В общем, на месте Демона явился «демон», мелкий бес с томом Писарева под мышкой и угрозой разоблачить врагов в газете «Правда». «Лева подставлял ему ловкие подножки, развенчивал, глумился – Митишатьев лишь презрительно морщился: ерунда, интеллигентские мелочи, слабость ваша вас же и съест, слабость ваша сильнее вас, с вами и бороться не надо – все сделаете сами, им уже написана статья “Уверенность в собственном враге”, и скоро она появится в “Правде”, и тогда все поймут, а Лева – враг, и он, Митишатьев, просто поставил сегодня маленький эксперимент (небольшая проверка теории на практике) и еще раз убедился, что прав и ощущает в себе силы…»
Автор придает Митишатьеву еще одну существенную черту. Он – антисемит, патологически подозревающий в еврействе всех и вся. И поводом к дуэли становится оскорбление Митишатьевым Левиного приятеля Бланка: «То, что я сказал Бланку от твоего имени – справедливость… Я ведь вот сейчас самую правду и сказал, не больше. Я хотел, чтобы ты больше не путался с ними – ты нам нужен. Ты – князь. Ты – русский человек! А ты опутан ими с ног до головы!»
Битов пересказывает мнение по поводу этих сцен еврейского поэта О. Дриза. Он просил по дружбе вычеркнуть из романа «тот разговор»: тут такая кровь, такая бездна, касаться которой не следует. «Мне уже не нравится этот разговор (как написан…) Может, я еще его и вы…» – кончается этот фрагмент комментария (обрыв слова – авторский).
Но все-таки не вы… Что написано – написано. Все-таки стоит заметить, что эта слишком специальная черта мельчит тип битовского мелкого беса. У Сальери (пушкинского, а не исторического) были другие причины завидовать Моцарту, помимо масонства. Хотя, как и всюду у Битова, этот мотив плотно увязан с другими: мощная сцена загула – оскорбление Бланка – диалог с Митишатьевым по последним вопросам, перемежаемый дракой – дуэль.
В дуэли идеологической, кажется, побеждает наш герой. На лихорадочный, исходящий завистью и злостью, бред приятеля он отзывается попыткой понимания: «Какой же ты, Митишатьев, удивительный человек!

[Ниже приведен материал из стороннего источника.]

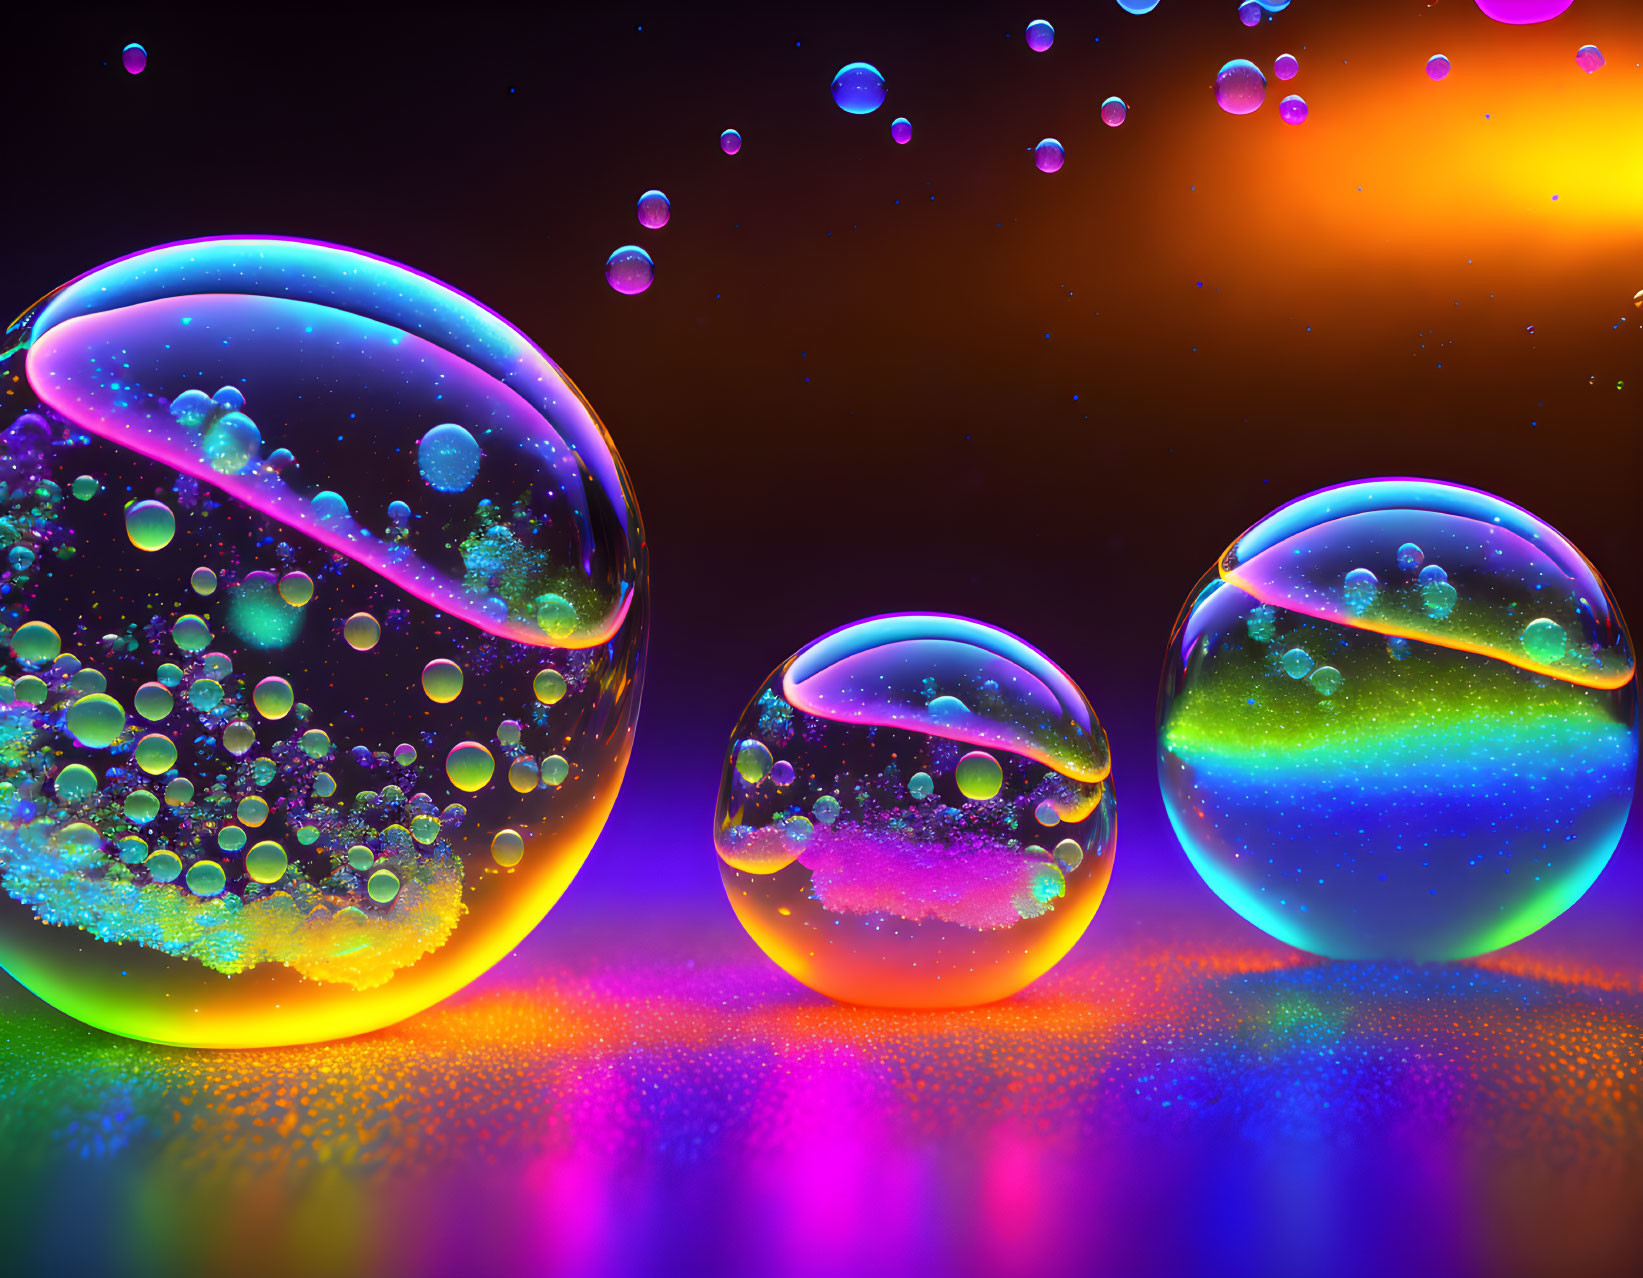 Vibrant orange and purple background with colorful translucent bubbles

И опять, и опять остаешься человеком… Откуда в тебе эта одновременная остервенелость и нежность?..»
Лева пытается, наконец, увидеть в жизни не фантомы-фантики, собственные зеркальные проекции, как когда-то в общении с дедом, а других. Это открытие не приносит ему радости. «В одно и то же место уязвляет меня и Фаина, и дед, и Митишатьев, и время – в меня! Значит есть я – существующая точка боли!.. Я ведь и не пишу уже ничего. Ну – жизнь моя!.. неужели упрекать в ней человека можно! Я ведь все-таки живу, не понимаю и живу – мне же это важно! Что я могу, свидетель собственного опыта?.. Видишь, я очень изменился за последнее время – вдруг обнаружил людей вокруг себя» – исповедуется он. Но вместо понимания встречает прежнее «зло, геометрический его объем».

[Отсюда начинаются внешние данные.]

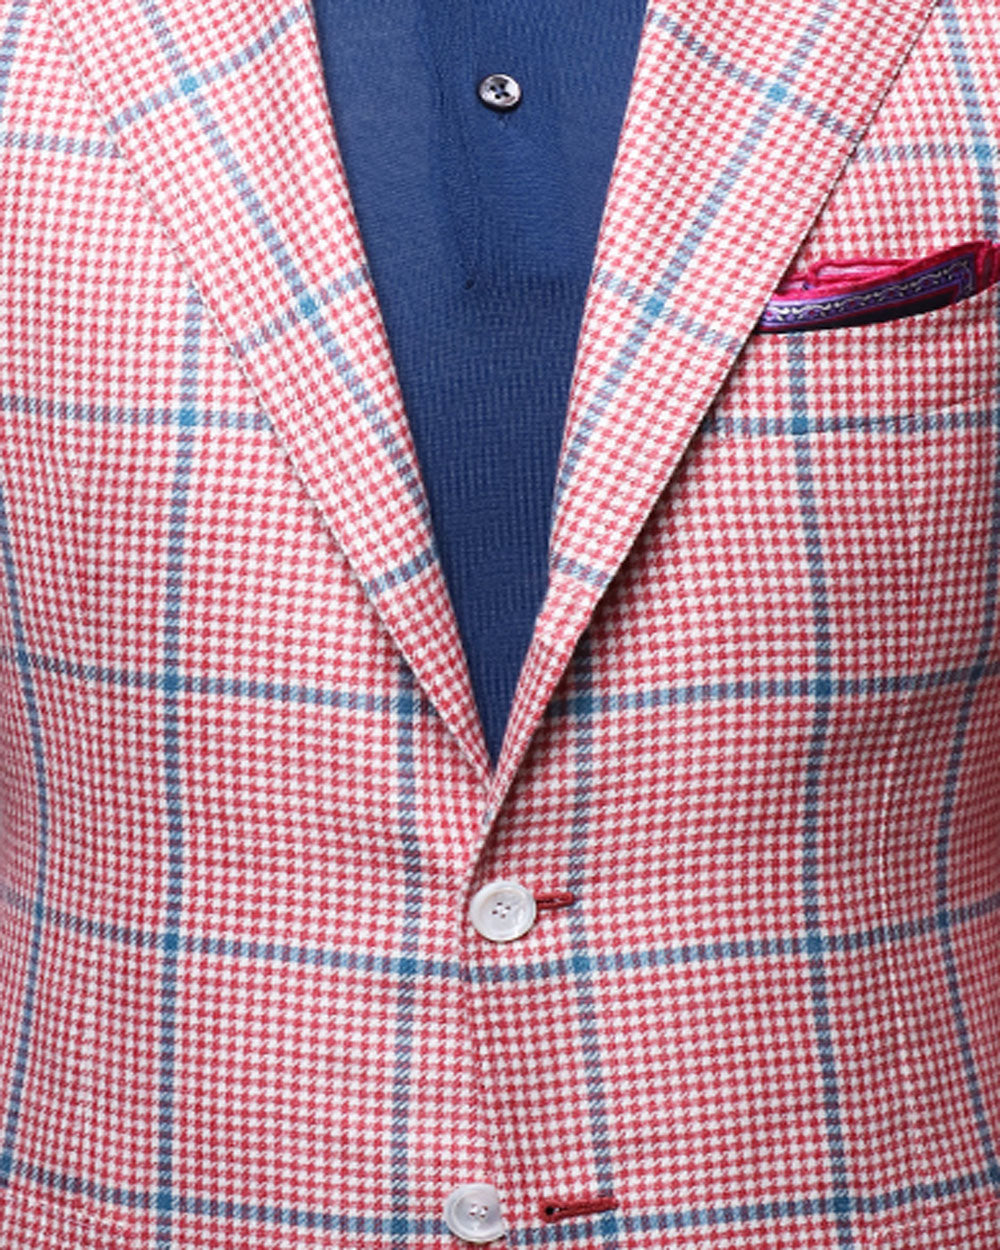 White and Red Windowpane Houndstooth Sportcoat

«– Господи! – взмолился Лева. – Это же невозможно видеть – ненависть! Ну что я тебе сделал? Я хочу понять, объясни… – Ни-че-го. Ничего ты мне не сделал – за это! Только я тебя не ненавижу! Тут другое слово. Я бы сказал, что люблю, да пошло – литература уже съела такой поворот. Жить мы на одной площадке не можем – вот что! Может, это и есть классовое чутье?»